The length of the incubation period depends on the mode of acquisition of the virus. Following infection by a tick bite, the incubation period is usually one to three days, with a maximum of nine days. The incubation period following contact with infected blood or tissues is usually five to six days, with a documented maximum of 13 days.

Onset of symptoms is sudden, with fever, muscle ache, dizziness, neck pain and stiffness, backache, headache, sore eyes and photophobia (sensitivity to light). There may be nausea, vomiting, diarrhoea, abdominal pain and sore throat early on, followed by sharp mood swings and confusion. After two to four days, the agitation may be replaced by sleepiness, depression and  the abdominal pain may localize to the upper right quadrant, with detectable liver enlargement.

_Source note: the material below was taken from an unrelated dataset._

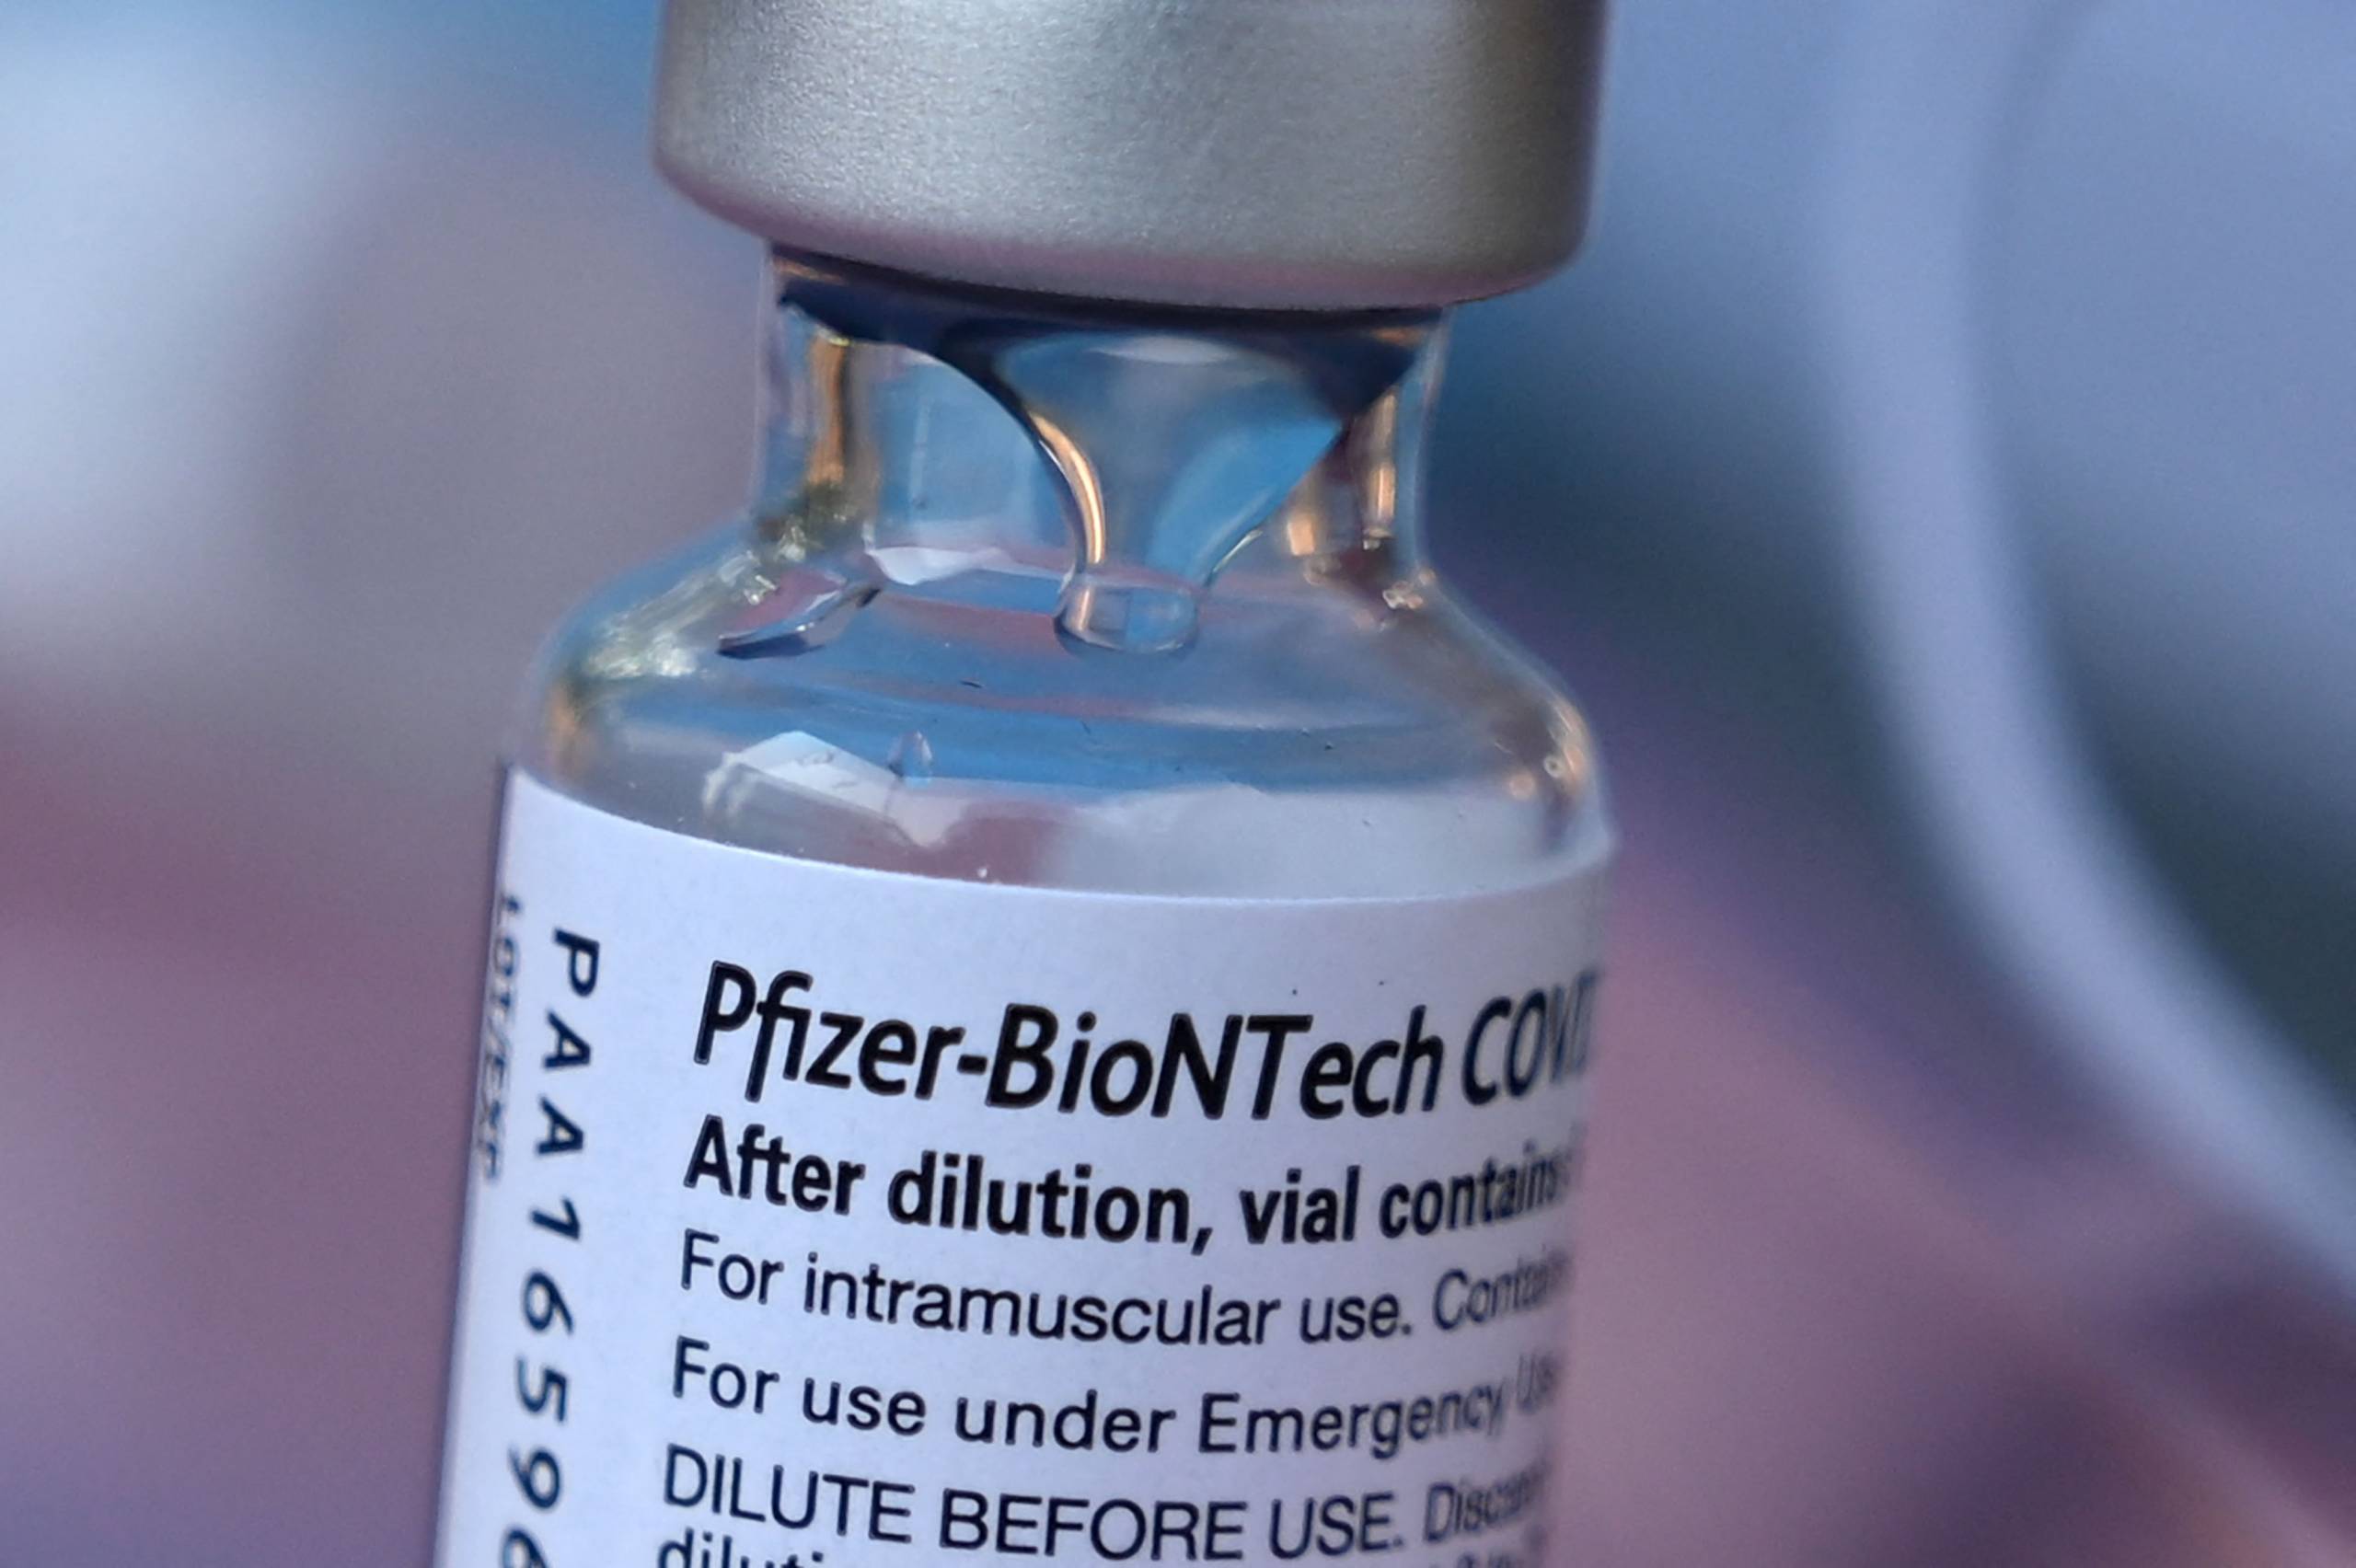 A close-up of the label on a small glass vial, with a silver-colored cap, of the Pfizer-BioNTech vaccine.

The mortality rate from CCHF is approximately 30%, with death occurring in the second week of illness. In patients who recover, improvement generally begins on the ninth or tenth day after the onset of illness.


In particular, patients need to pay attention to the fluid and electrolyte balance. The WHO also recommends “ventilation support for enough oxygenation, mild sedation and hemodynamic support depending upon the situation at the early stages of the disease in early stage of the disease presentation”. Delay in the diagnosis and supportive care decreases the efficacy of treatment and can greatly aggravate the disease with fatal consequences. The antiviral drug ribavirin has been used to treat CCHF infection with apparent benefit and both oral and intravenous formulations seem to be effective, says the WHO.


  • Reducing the risk of tick-to-human transmission:
    • wear protective clothing (long sleeves, long trousers)
    • wear light coloured clothing to allow easy detection of ticks on the clothes
    • use approved repellent on the skin and clothing
    • regularly examine clothing and skin for ticks
    • avoid areas where ticks are abundant and seasons when they are most active.
  • Reducing the risk of animal-to-human transmission:
    • wear gloves and other protective clothing while handling animals or their tissues  during slaughtering in slaughterhouses or at home
    • quarantine animals before they enter slaughterhouses or routinely treat animals with pesticides two weeks prior to slaughter.
  • Reducing the risk of human-to-human transmission in the community:
    • avoid close physical contact with CCHF-infected people
    • wear gloves and protective equipment when taking care of ill people
    • wash hands regularly after caring for or visiting ill people.